Class of 2018 election results announced after voting reset

The Committee on Student Elections (CSE) announced Friday that Anna Du will serve as the freshman class president for the Class of 2018. Alex Darwiche, Heidi Woll, Elise Rodrigues, Kwame Alston, Alberto Pepe Muniz and Sarah Zappone were elected to be class senators.

The online election for the Student Government Association (SGA) freshman representatives, which kicked off Monday night at 8 pm, had to be reset 12 hours later because the initial ballot posted omitted some of the candidates.

Candidates had mixed reactions to the CSE’s handling of the error. Freshman Abigail Annear, who ran for a senator position, wrote in an email to The News-Letter that she found out that her name was omitted from the initial ballot while attending a “Meet The Candidates” event in the Fresh Food Café (FFC).

“When I received the first text from a friend alerting me that my name wasn’t on the ballot, … I immediately emailed the chair of the Committee [CSE], who didn’t respond for over a half an hour,” Annear wrote. “Deciding to confront the CSE officials at the event, I waited and waited for them to show. By the time they arrived, an hour had already elapsed since the voting period began, texts had piled up notifying me of the ballot discrepancy.”

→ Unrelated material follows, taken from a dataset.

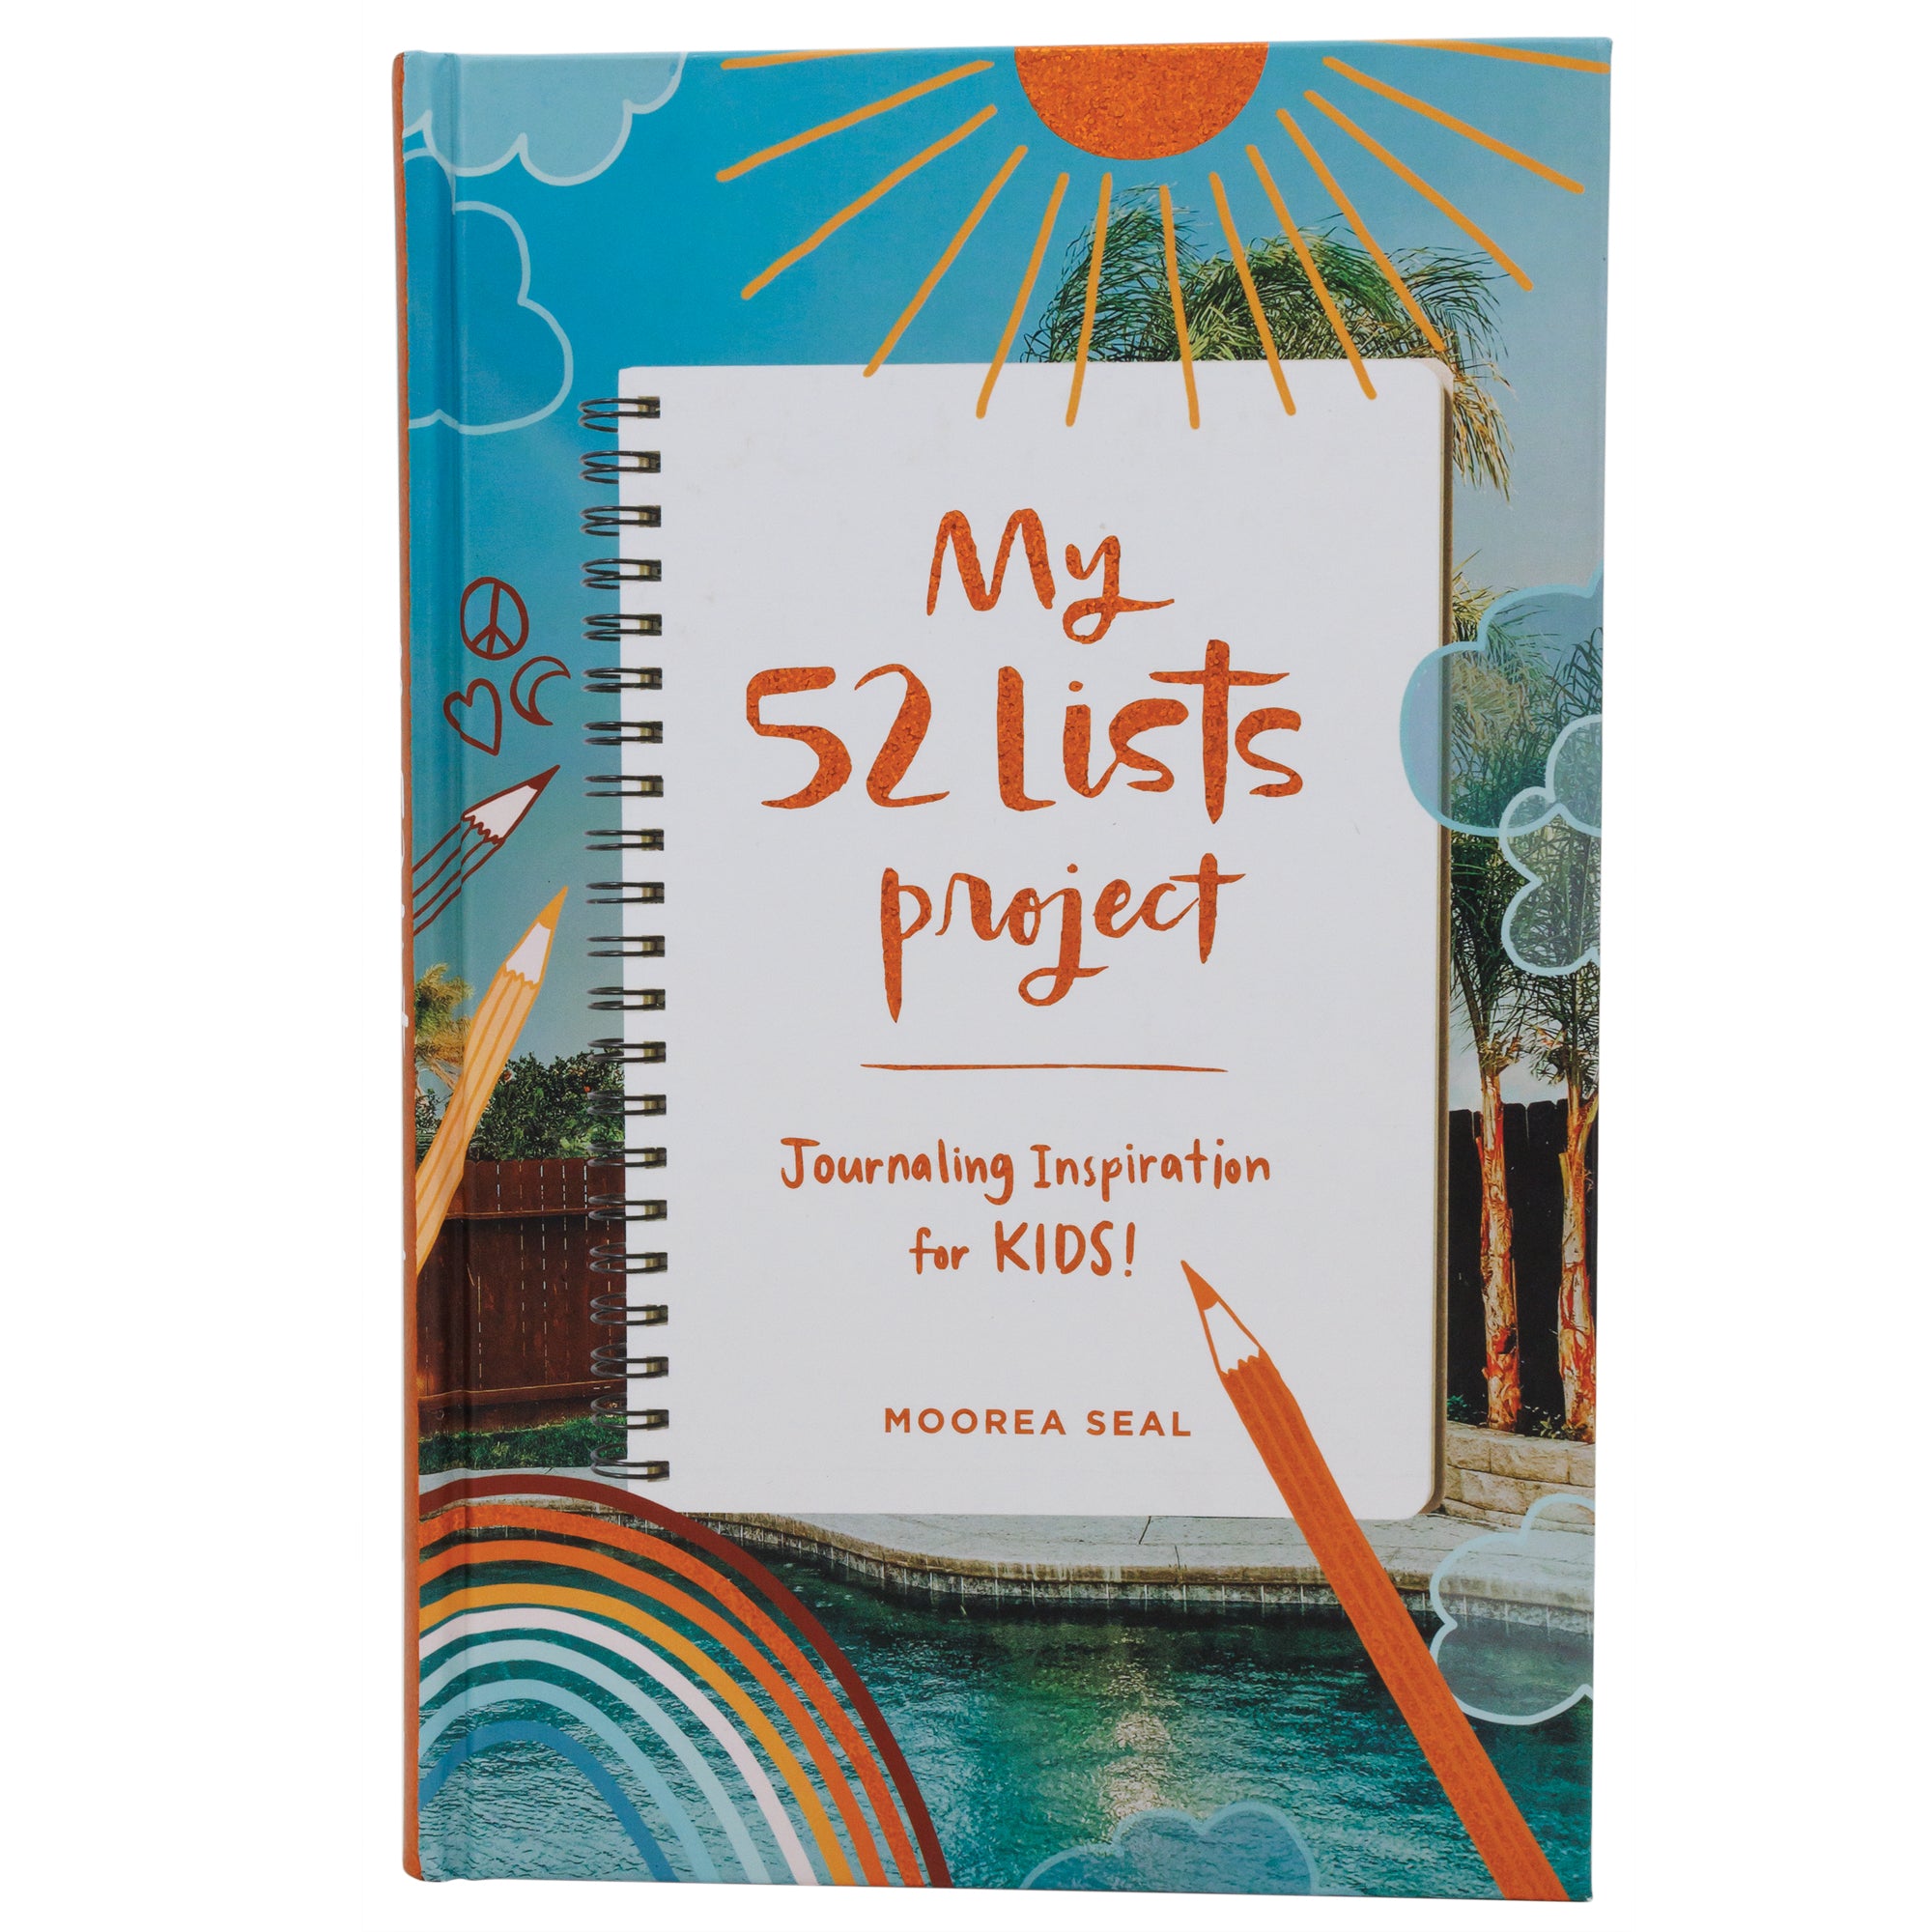 My 52 Lists Project book cover. The background is of a pool with a wood fence and some greenery under a blue sky. There is a white notebook in the middle with the title and text that reads "Journaling Inspiration for Kids." Around the outside are illustrations of colored pencils, a rainbow, clouds, and a sun.

Mia Berman, who also ran for Senate, wrote in an email to the News-Letter that she thought the reset hurt the election because the votes that had been previously cast were voided.

“I would have preferred them to simply have added the names as soon as they noticed the glitch, or looked at the data from voting afterwards to see if it caused that large of a gap in votes, and then find a way to account for them either through a runoff election or some other method,” Berman wrote.

After the new ballot was posted, presidential candidate Sarah Harrison was listed as a senatorial candidate. Instead of resetting the election again, the CSE corrected the error quickly.

“I think the CSE handled it professionally,” Harrison wrote in an email to The News-Letter. “They emailed me back with a satisfactory explanation. In the end, they…counted write-in presidential votes that were cast before the glitch was edited.”

Despite questions over the handling of the election, some candidates said their experiences with the campaign process and the SGA were positive overall.

“I’m constantly in ‘orientation mode’ in the sense that I want to sit down next to random freshmen and get to know them every day, [and] the election has given me a chance to do that,” Woll said.

Annear, who ran with Woll on a common ticket, echoed this sentiment.

“Regardless of the election results today, I got the opportunity to meet so many more people that I may not have gotten to know otherwise,” Annear wrote. “Particularly within my coalition [of candidates running on the same ticket], we didn’t know each other extremely well before running together. I feel like I have made lasting friendships.”

Berman wrote that she was also impressed with the standing SGA.

“I thought that they were doing a lot of really good work that would greatly benefit the Hopkins community,” Berman wrote. “I understand there are current concerns about how responsive the SGA is to students, but I heard a real interest from [SGA] members to solve that.”

Jason Dealessi, a senator candidate, wrote in an email to The News-Letter that he wanted to run for an SGA position to lead his class and hear their opinions.

“I ran for SGA Senator because I was involved with student government in high school and heard that Hopkins provided students with more freedom to make decisions and to lead in student government,” DeAlessi wrote.

Other candidates were ran with specific issues in mind that they wanted to address through SGA membership.

“Whether I win or lose, I will want to facilitate a change in the school’s response to sexual assault allegations and an increased transparency in where our tuition is actually going,” Harrison wrote.